On the Welsh side of the Severn a landing-place may have existed near the Roman camp at Sudbrook, of which now only half remains on the cliff near the p341 Severn Tunnel pumping station. Shelter was certainly afforded by St. Pierre Pill and Caldicot Pill on either side of the camp, and about two and a half miles apart. The former is the outfall of the Meyric stream, and Caldicot Pill is the estuary of a stream originally the Twrch, Latinized as Tarocus, and now called the Troggy. Both pills were used by shipping until the construction of the railway, and they were so used from very early times. A grant, preserved in the Liber Llandavensis, of the land lying to the west of St. Pierre Pill, then called Pwll Meyric, includes the free right to bring ships to land in the mouth of the Troggy (in hostio Taroci), i.e. in Caldicot Pill. The grants probably date from the seventh century, and the conclusion is that at that time both were old-established harbours.15
For the passage to and from the Avon, Caldicot Pill would be the more convenient harbour, and a paved causeway has been traced from Caldicot to Caerwent. It enters Caldicot common field, where it is soon lost under the soil; it is marked for a short length as "track of Portway" on the Ordnance map, and is joined by the present hauling way for about half-a‑mile, and is then lost as far as the Nedern brook.16 Coxe in 1801 found vestiges of an ancient paved causeway between the brook and the eastern p342 gate of Caerwent, which, within the memory of man, had been more perfect.17
The Roman station Venta Silurum at Caerwent measures about 530 yards from east to west, and 450 yards from north to south. The road runs through the middle lengthways, and on straight for upwards of a mile, followed for three-quarters of a mile by a parish boundary, to Five Lanes, where there were vestiges of a causeway in 1801.18 The present road then turns to the north, but in a mile and a half resumes the same line near Penhow. Two miles further on, at Catash, the course of the Roman road appears to follow a parish boundary on the north of the present road. It leaves the latter again near Woodville, and passing by Summerhill, crosses the Usk and enters Caerleon in the line of High Street.

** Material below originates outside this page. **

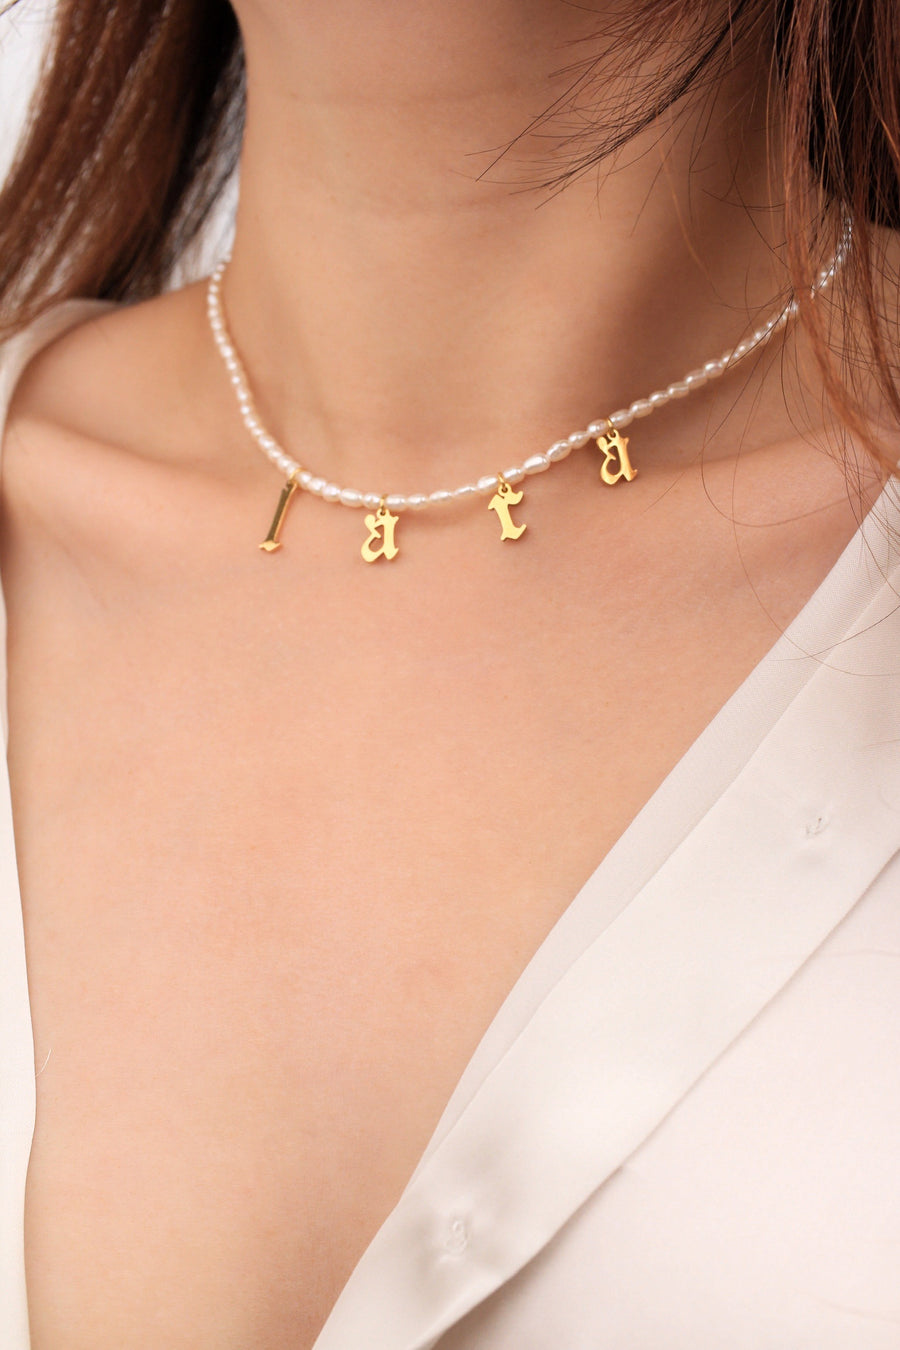 Aegis Gothic Alphabet Personalised Pearl Necklace

The rectangle enclosed by the walls of the Roman Isca leg. II Augusta, which can still be traced, measures about 530 yards by 450 yards. It is thus of exactly the same dimensions as Venta. This station, the Isca of the Itinerary, is the starting-point of Iter XIV, which has now been followed in the reverse direction from Silchester, and also of Iter XIII by Burrium to Gloucester, Speen, and Silchester. Burrium is placed near Usk, the distances from Caerleon, and from Abergavenny, Gobannium in Iter XII, corresponding. There appears to be no trace of the road from Caerleon to Usk, nor of a Roman road onwards in the direction of Gloucester. p343 The indications of a Roman road on to Abergavenny are only a few short lengths of boundary along the present road, and no Roman remains are known at Abergavenny.

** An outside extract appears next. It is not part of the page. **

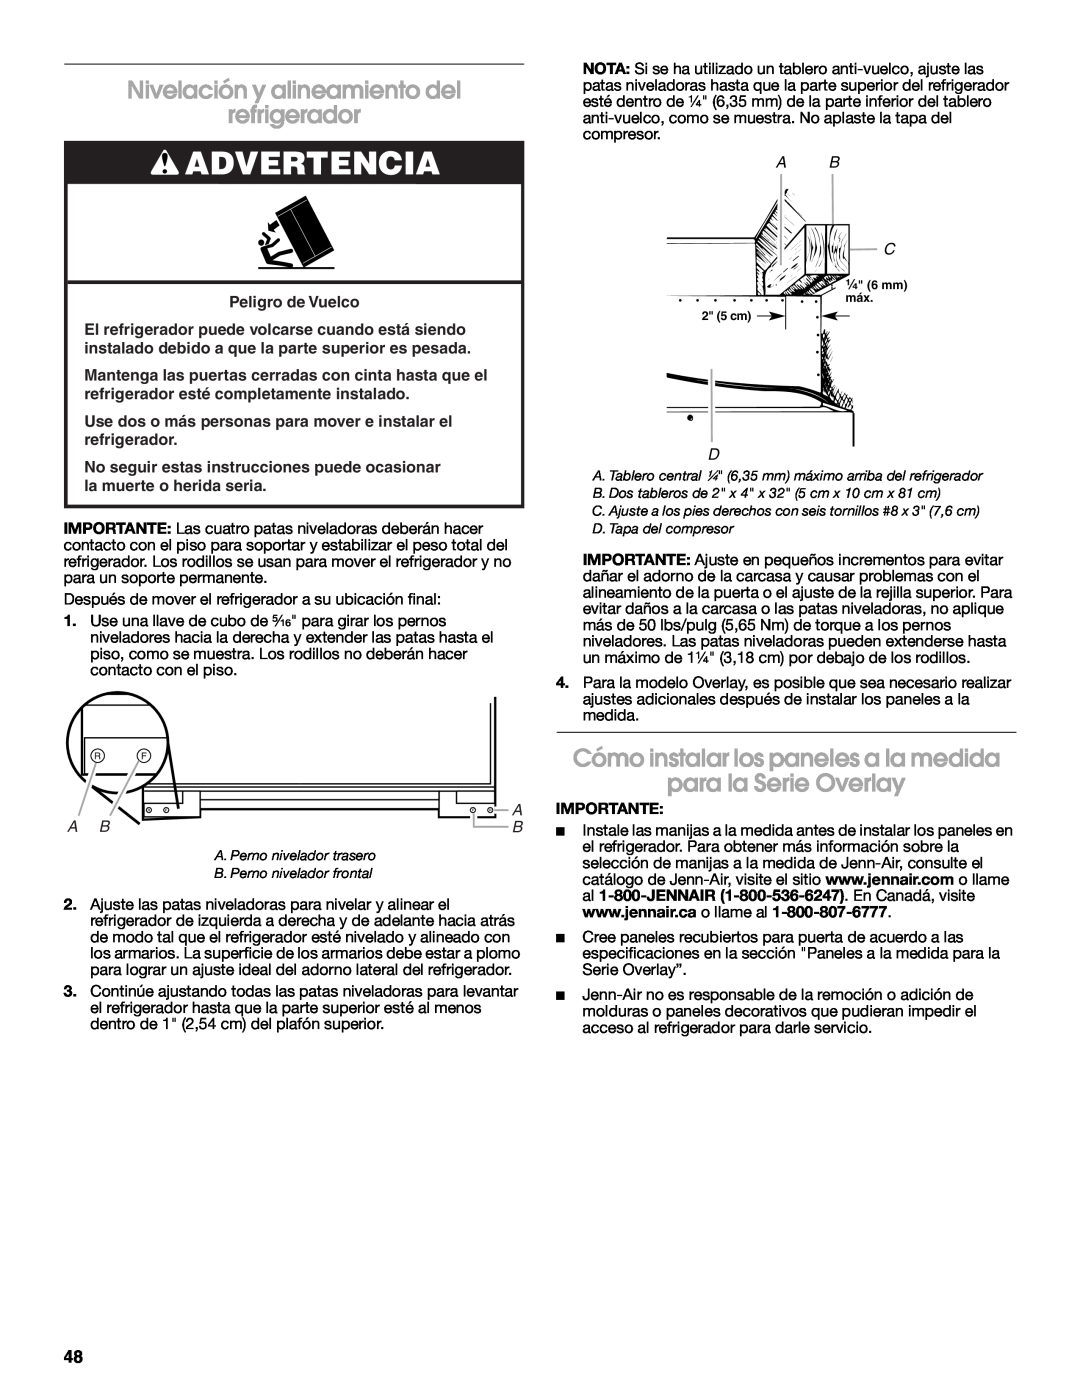 Jenn-Air W10183782A manual Nivelación y alineamiento del refrigerador, Advertencia, A B C, Importante

Camden 19 cites a passage quoted by Leland from a poem by Necham (1215‑1225), in which Julia Strata is mentioned in connexion with the Usk entering the Severn.20 On this hint the author of the spurious Itinerary of Richard of Cirencester gave the name Via Julia to his Iter from Bath to St. Davids. Sir R. Colt Hoare made it Via Julia Maritima, and Scarth extended it eastwards to Marlborough, Speen, and Silchester. The only authority for this name is the reference above mentioned.
On the west of Caerleon, on the north side of the railway, traces of the Roman road are marked on the Ordnance map, which also marks the road from Bassaleg onwards as a Roman road. About one mile from Bassaleg traces of the ridge remain, and the road appears to have been laid out straight for one and a half miles. A little further on is a square camp by the side of the road, one mile beyond which the modern road turns south p344 to St. Mellon's, Rumney, and Cardiff.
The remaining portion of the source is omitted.